I asked whether we could consider reprioritizing some of the military’s budget towards domestic social programs that could help lift people out of poverty and improve living conditions for people of color. It seemed to me that he was saying that a major factor in our global reputation, and therefore our security, was the gaping racialized divide in wealth and all other metrics of success in US society, so I imagined he would have ideas about how we might reorient our budget priorities to overcome that.
But he was concerned that any decrease to the military budget would make us even less safe. He believed social assistance programs were rife with fraud, so giving them more money didn’t seem promising. I couldn’t find anything that he thought might be effective and possible.
We circled back around to how divided things have become in the country. He said, “the media creates so much animosity between people. I’m a Christian and I don’t think Christians stand for that. The media is just so divided, it is postured in such a way as to create the image that people are, everybody’s in this divisive mindset.”
While I absolutely agree with Pat that the media bears much responsibility for escalating the divisions between people across our country, our conversation brought into focus an underlying difference in the way we make sense of those impacts that tends to fall along right/left political lines: the question of whether calling out racism causes increased divisions or whether revealing real, existing problems it makes it possible for us to better face and remedy them.
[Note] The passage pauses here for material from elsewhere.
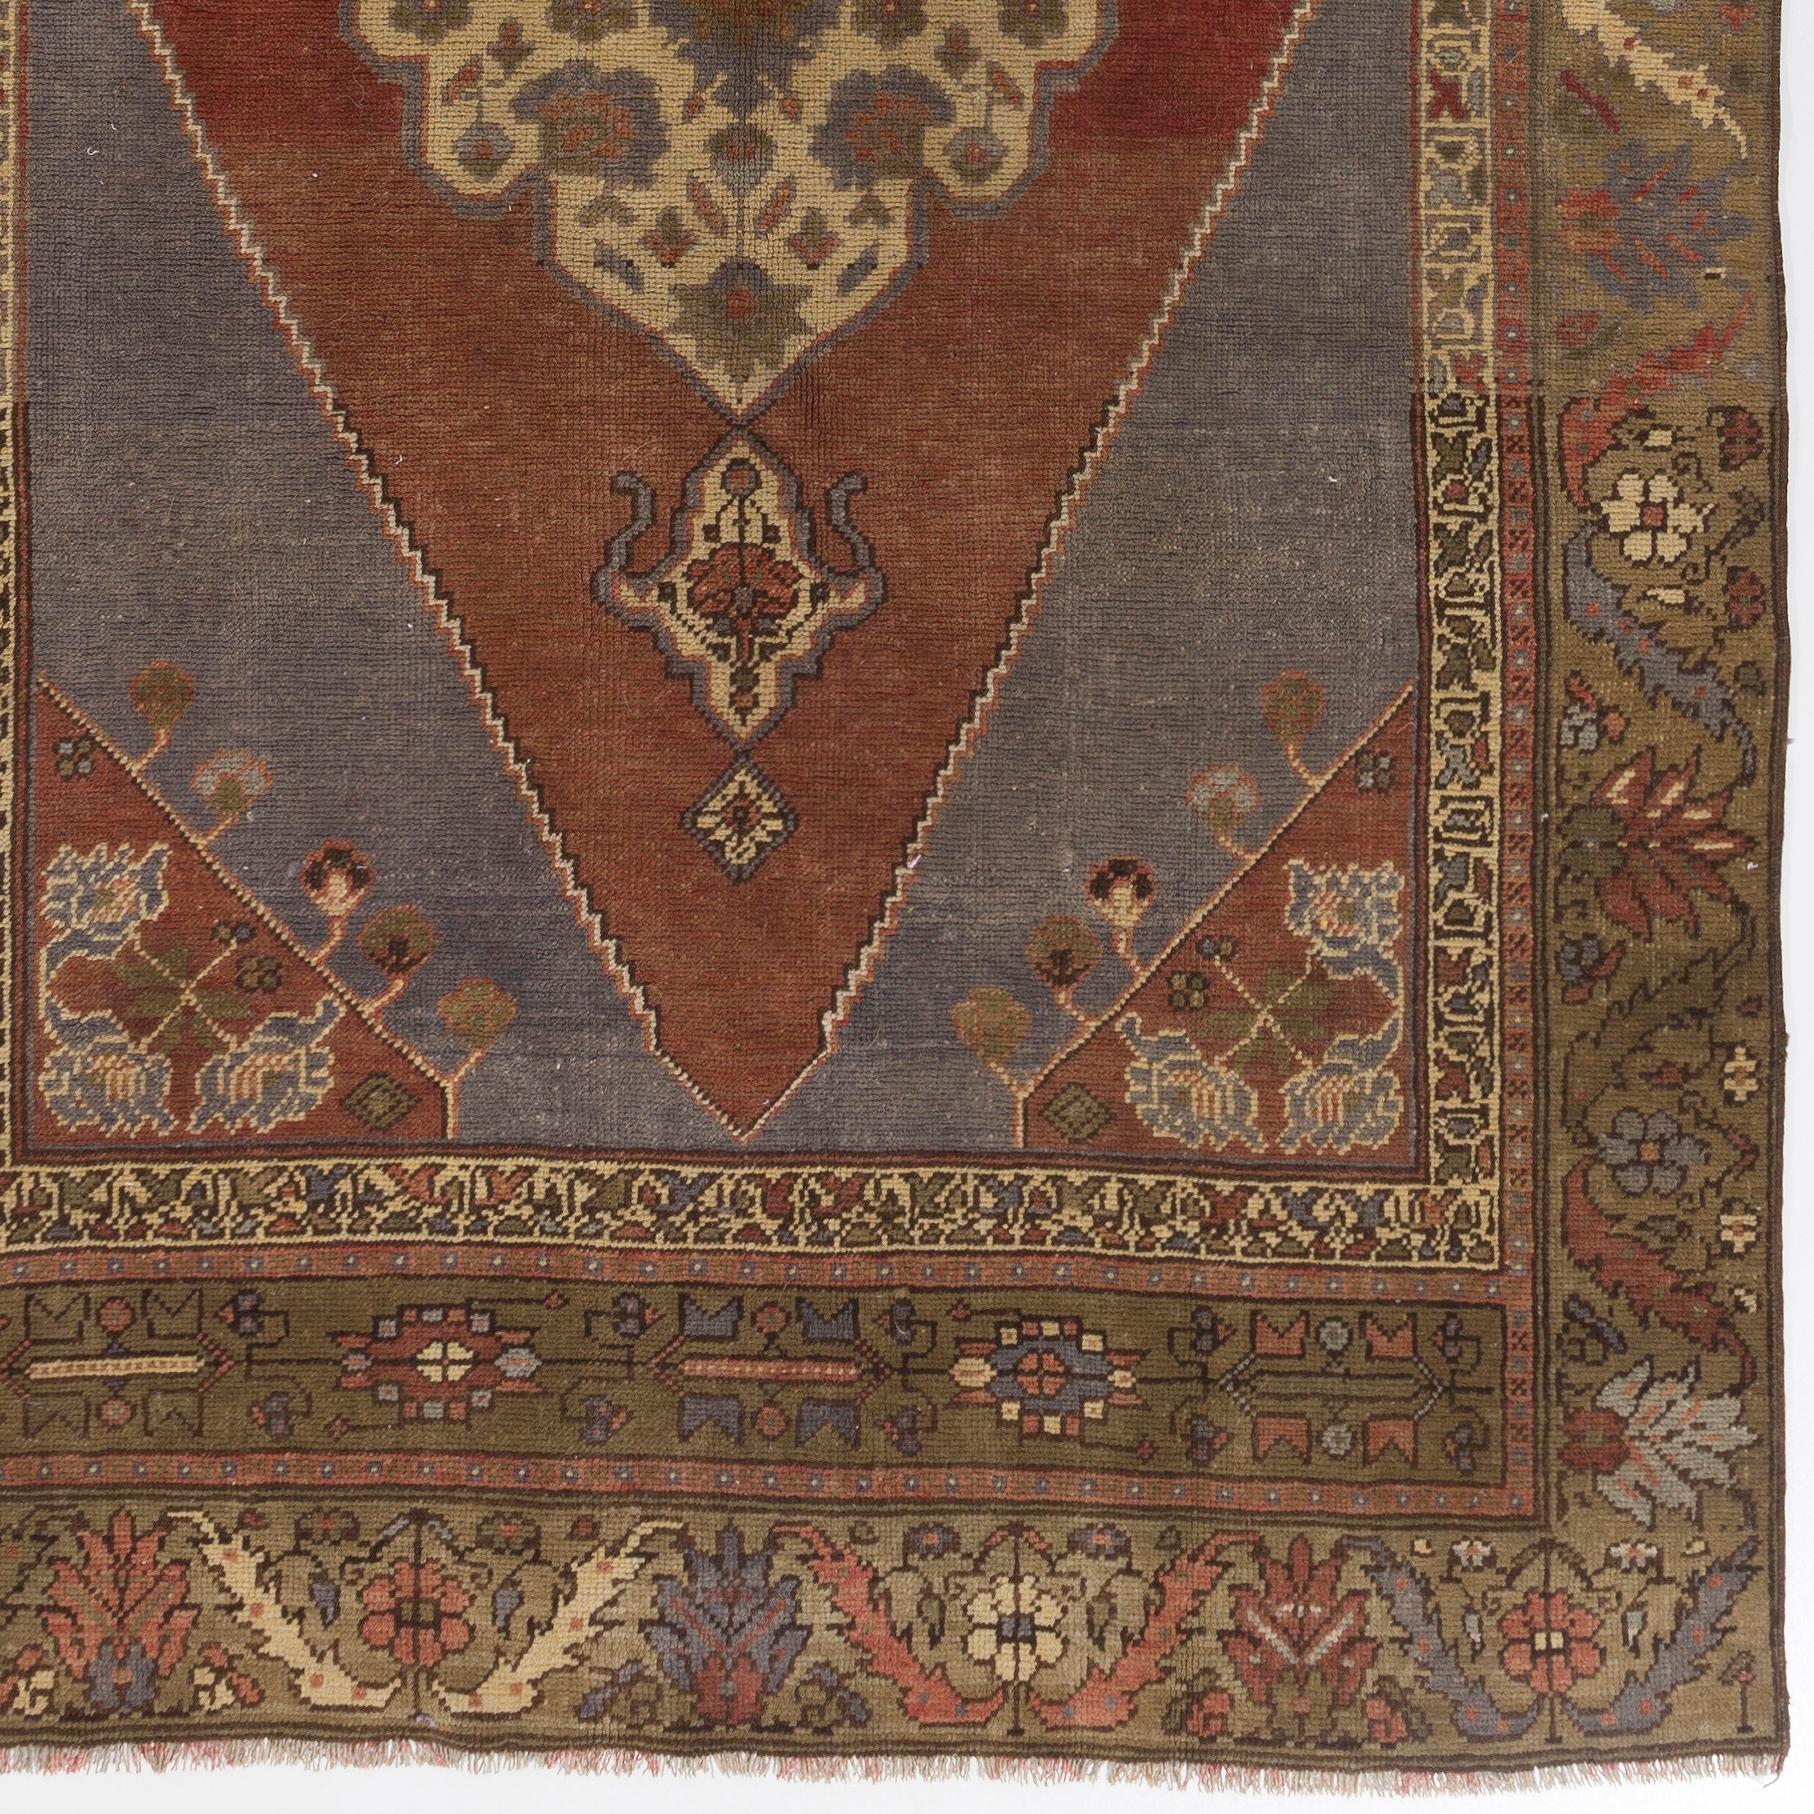 Hand-Knotted 5x9.4 Ft Handmade Turkish Village Rug. One of Kind Oriental Carpet, All Wool For Sale
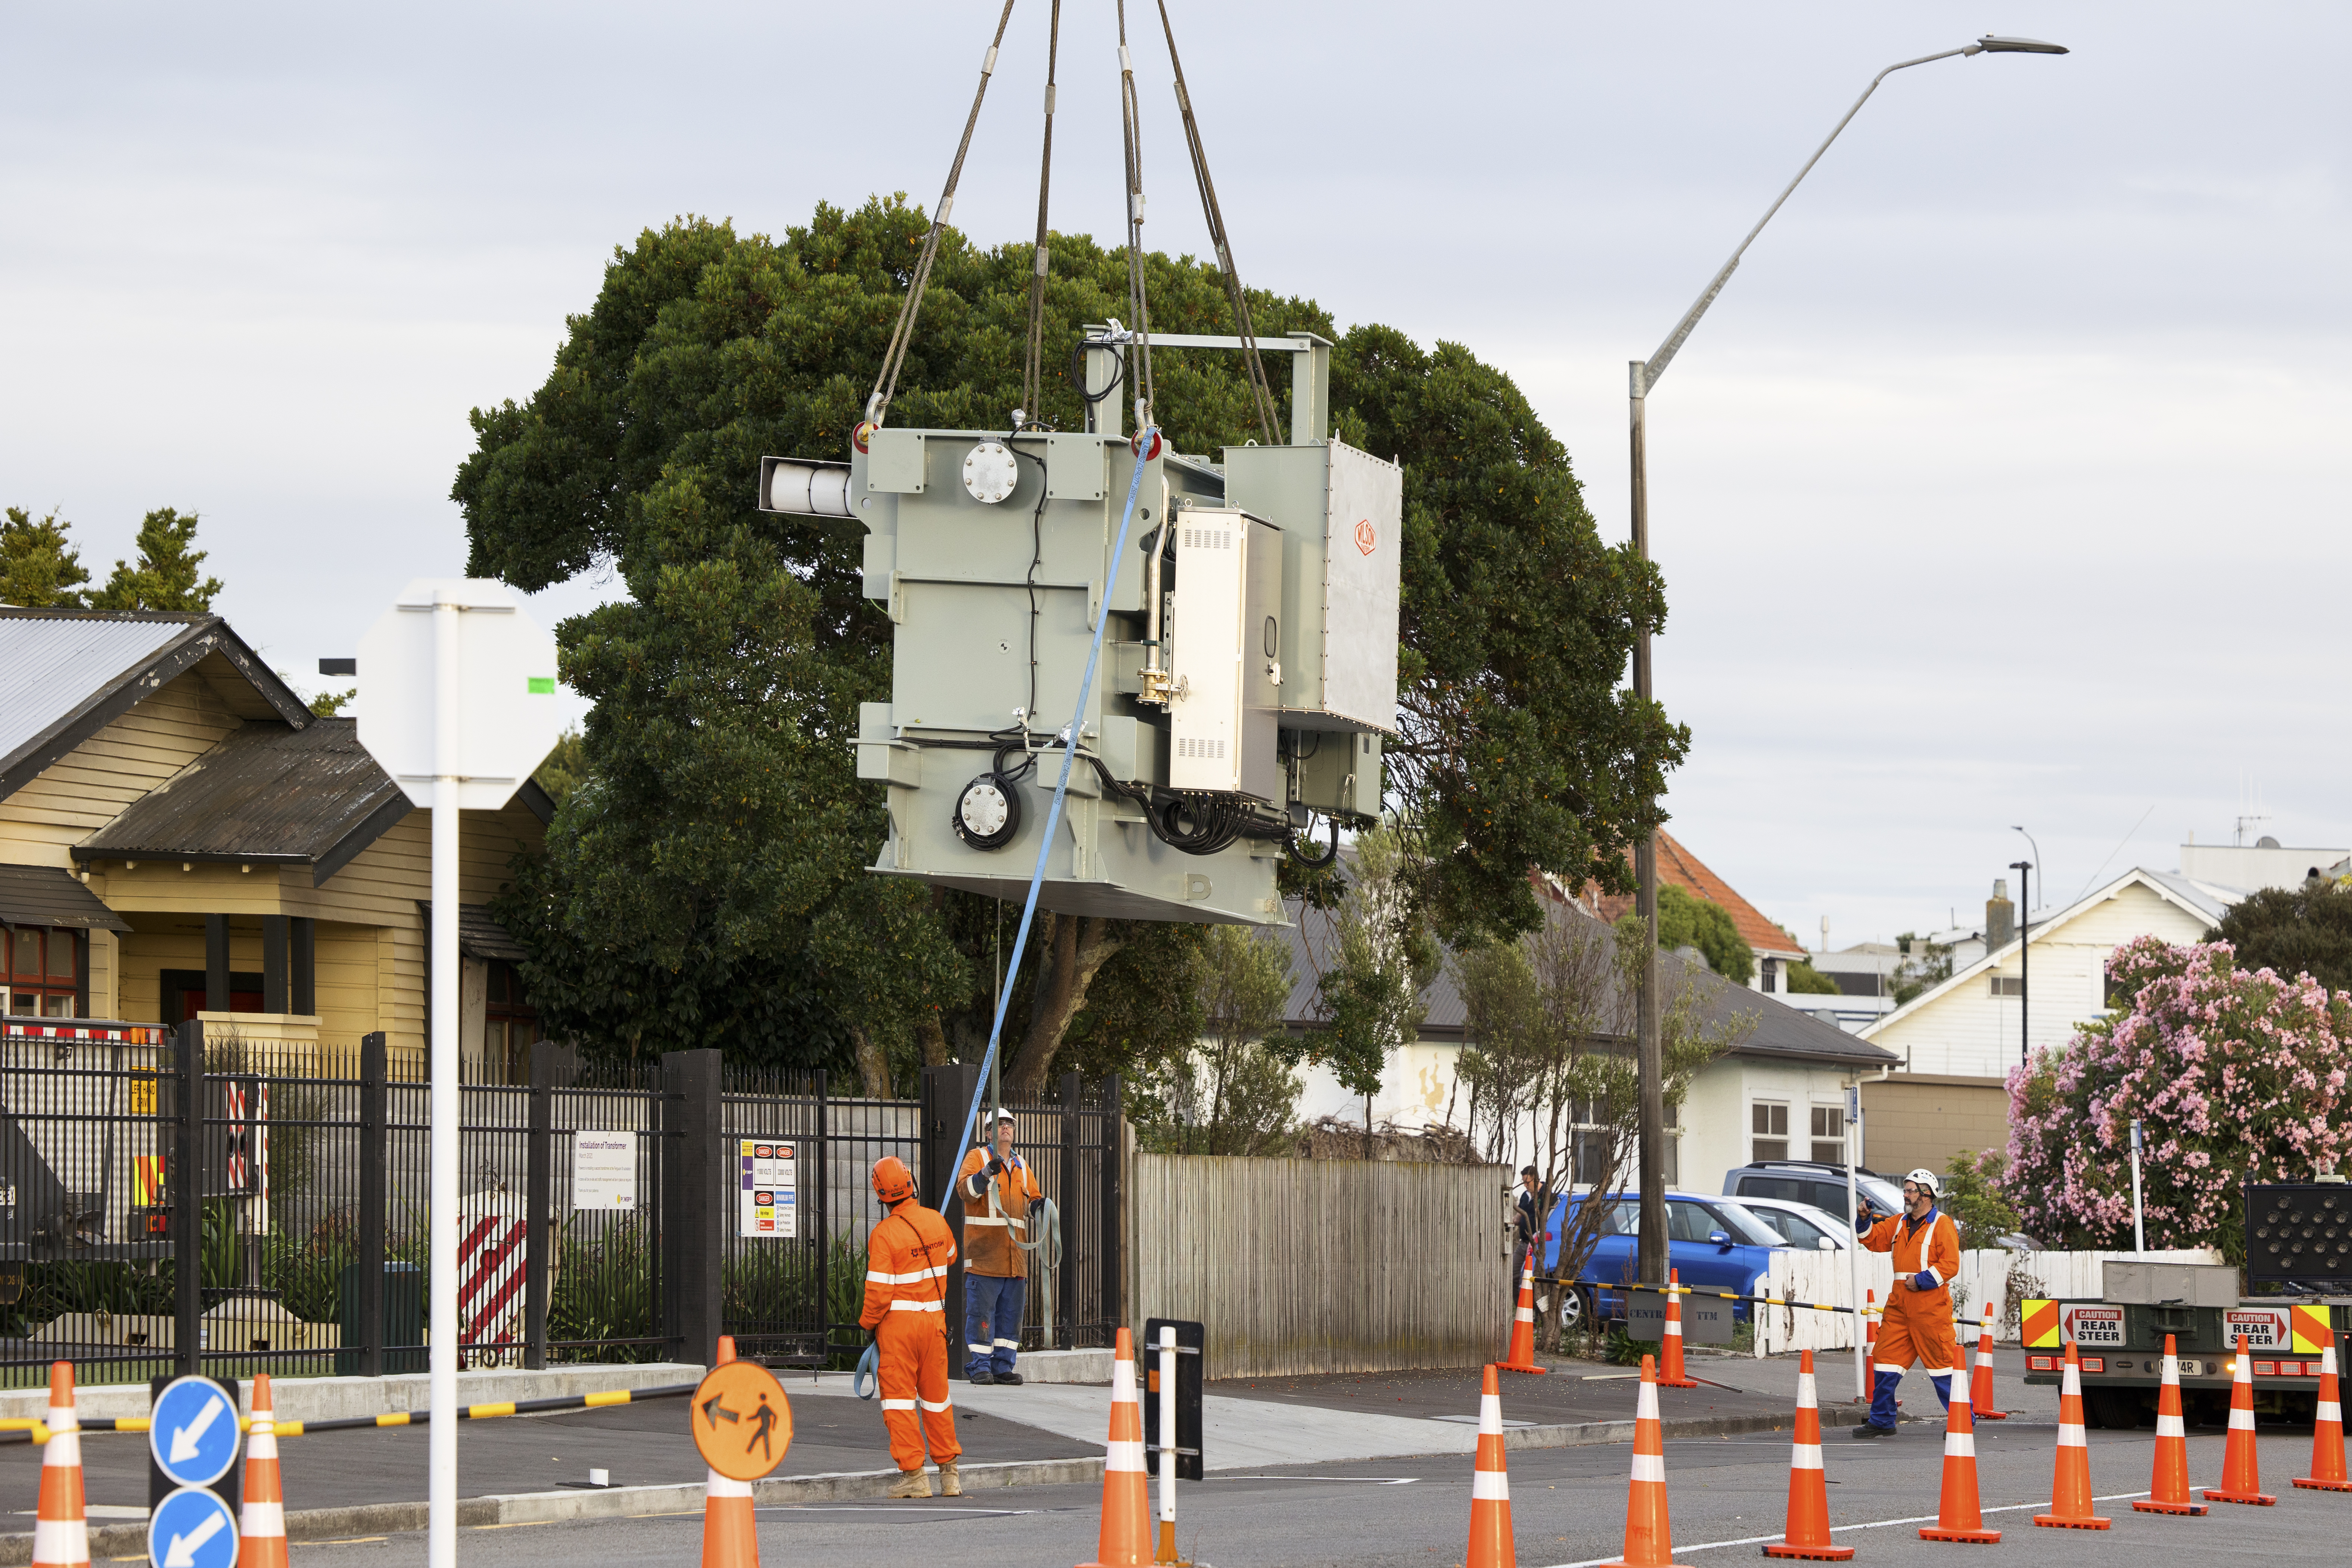 Transformer being craned into substation

The intense polarization of our society feels dangerous – in terms of how we create a functioning democratic future together when so many of us utterly mistrust each other. At the same time, I guess I believe that creating the kind of equitable society both Pat and I want requires acknowledging what holds structural disparity in place generation after generation. Hopefully by recognizing our role in that, we can identify our agency to make change. That said, it is much easier to state that relating with our conflicts is necessary than to actually do it. I am haunted by the places in this conversation where I unintentionally avoided calling out our differences of perspective because it felt risky to our rapport.